UNE RUSE
Ma sonnette de rue tinta. Je m’éveillai.
Jean, mon domestique, parut.
Il tenait une lettre qui disait :
« Madame Pralus
Prie avec instance
M. le docteur Célance
De passer chez elle immédiatement.»
Je réfléchis
Et répondis :
« Le docteur, fort souffrant,
Prie Mme Pralus de vouloir bien
Appeler son confrère M. Damien.»
Je rendais à Jean le pli
Et me rendormis.
Une demi-heure après,
De nouveau, Jean me réveillait :
-Il y a quelqu’un dans l’entrée
Qui voudrait vous parler.
Il dit
Qu’il y va de la vie
De deux personnes.
Je me dressai :
-Faites entrer.
M’apparut une espèce de fantôme.
Dès que Jean fut sorti,
Il se découvrit.
C’était Mme Pralus. Elle passait
Pour la plus jolie fille
De la ville.
Il y a trois ans,
Elle avait épousé
Un gros commerçant.
Elle avait l’air affolé.
Ses mains tremblaient.
Elle balbutia : -Vite,…Docteur,...venez !
…Mon amant vient de décéder…
Dans ma chambre…Mon mari va rentrer…
-C’est vous qui êtes venue tout à l’heure ?
-Non,…c’est ma bonne…Elle sait…
Moi, auprès de lui,…j’étais restée.
J’ai si peur…
Oh, si vous saviez comme je l’aimais !
Jusqu’aux cheveux, elle s’est enveloppée.
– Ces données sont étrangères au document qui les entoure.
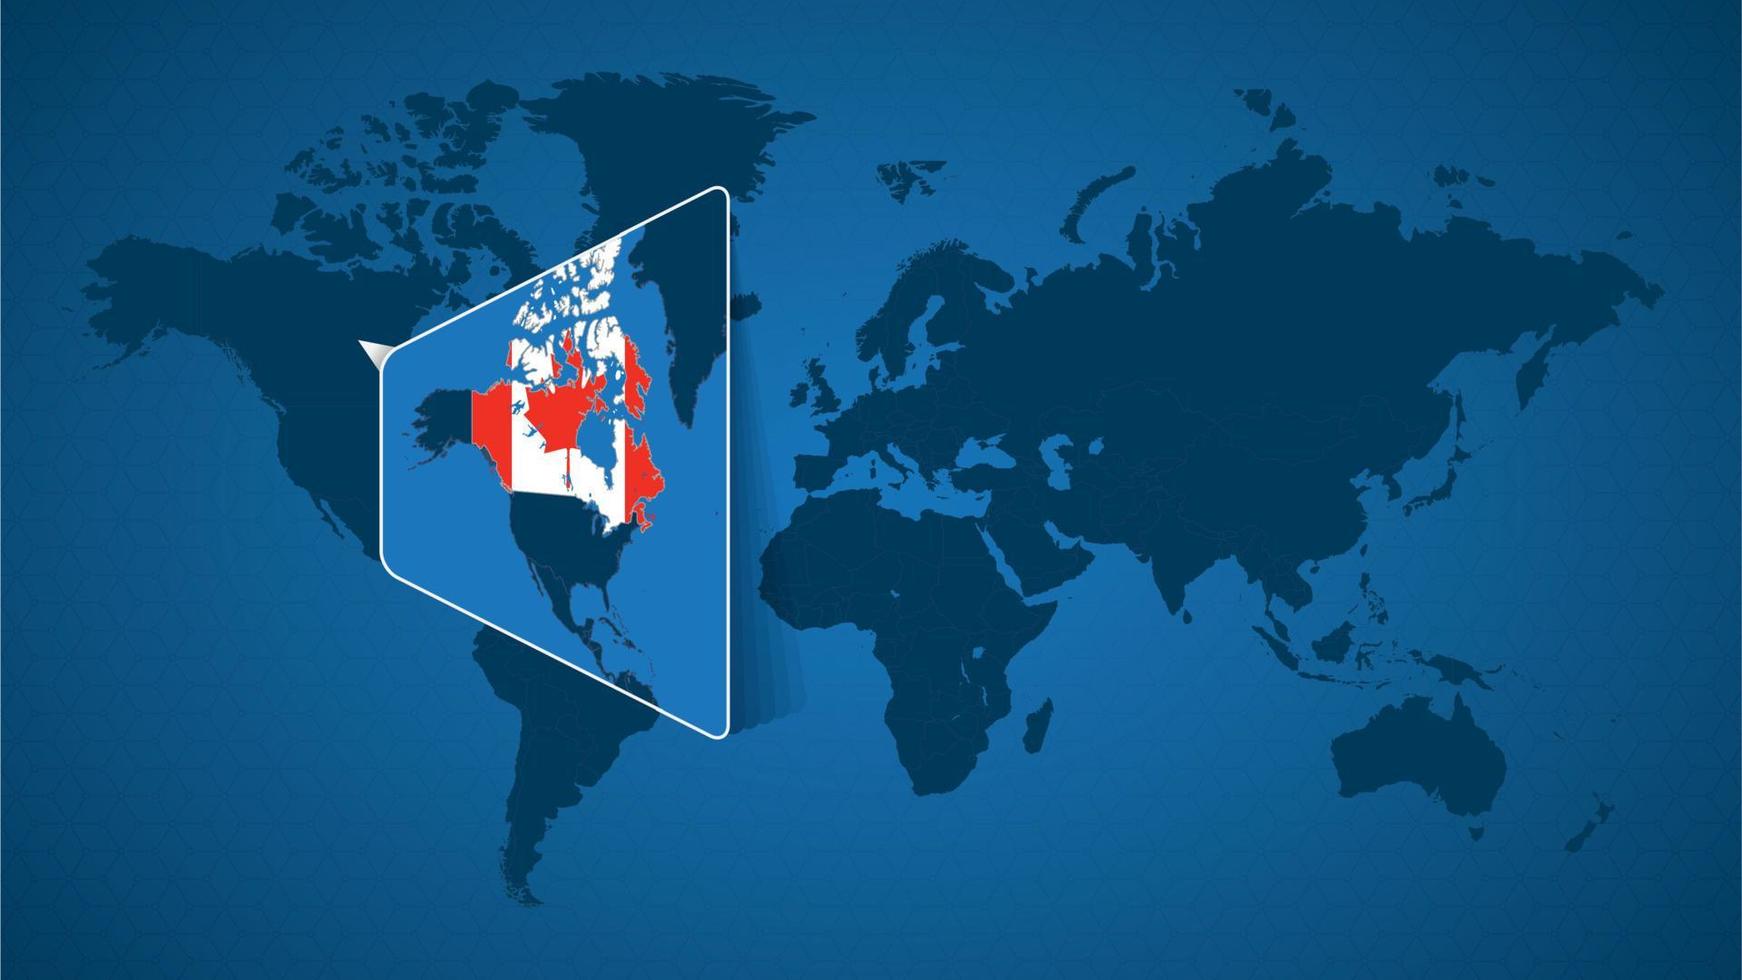 mappa del mondo dettagliata con mappa ingrandita appuntata del Canada e dei paesi vicini. vettore

Et nous partîmes dans mon coupé.
À peine étions-nous arrivés
Que dans sa chambre je vis le corps
Étendu au beau milieu. Je le considérais.
Je palpai les mains; je le tâtai encore.
Puis je dis aux deux femmes qui grelottaient :
-Aidez-moi à le porter sur le lit.
Habillons-le.; c’est fini.
Mme Pralus saisit la tête de son amant,
La regarda désespérément,
Puis l’étreignit
Et murmura simplement : -Adieu, chéri.
La porte d’entrée s’ouvrit à ce moment
Et se referma lourdement.
C’était Lui, déjà. On sursautait.
-Apportez-moi des serviettes
Et une cuvette !
J’entendis les pas monter.
Alors je l’ai appelé: -Par ici,
Nous avons eu un accident, cher ami.
Le mari stupéfait demanda :
-Qu’y a-t-il ? Qu’est-ce que cela ?
-J’étais resté à bavarder avec votre femme
Et notre ami Pierre d’Haulame.
Voilà que soudain il s’est affaissé.
Je commençais
À lui porter les premiers soins…
Aidez-moi donc à le descendre.
Il n’habite pas loin.
Je l’ausculterai mieux dans sa chambre ;
L’époux surpris, mais sans méfiance
Me prêta assistance.
On empoigna son rival désormais inoffensif.
Nous voilà dans la rue avec l’escogriffe.
Je le redressai, l’encourageai, lui causai.
(Il fallait aussi tromper mon cocher) :
-Allons, ce ne sera rien, mon ami.
Faites un petit effort et ce sera fini.
On le bascula dans le coupé.
Derrière lui, je montai.
Le mari inquiet
Me demandait :
-C’est grave, pensez-vous ?
-Non, non ; à demain !
Elle, avait pris le bras de son époux.
Je serrai les mains.
Et donnai l’ordre :-Chez d’Haulame. Allez !
Le mort tombait sur mes genoux sans arrêt.
Quand enfin chez l’amant on arrivait,
J’annonçais, faisant le malin :
-« Il a perdu connaissance en chemin. »
Je constatai ensuite le décès
Et rentrai me coucher.
Signé du pseudo : Aimé Voux
Le sage doit quitter la vie avec autant de décence qu’il se retire d’un festin.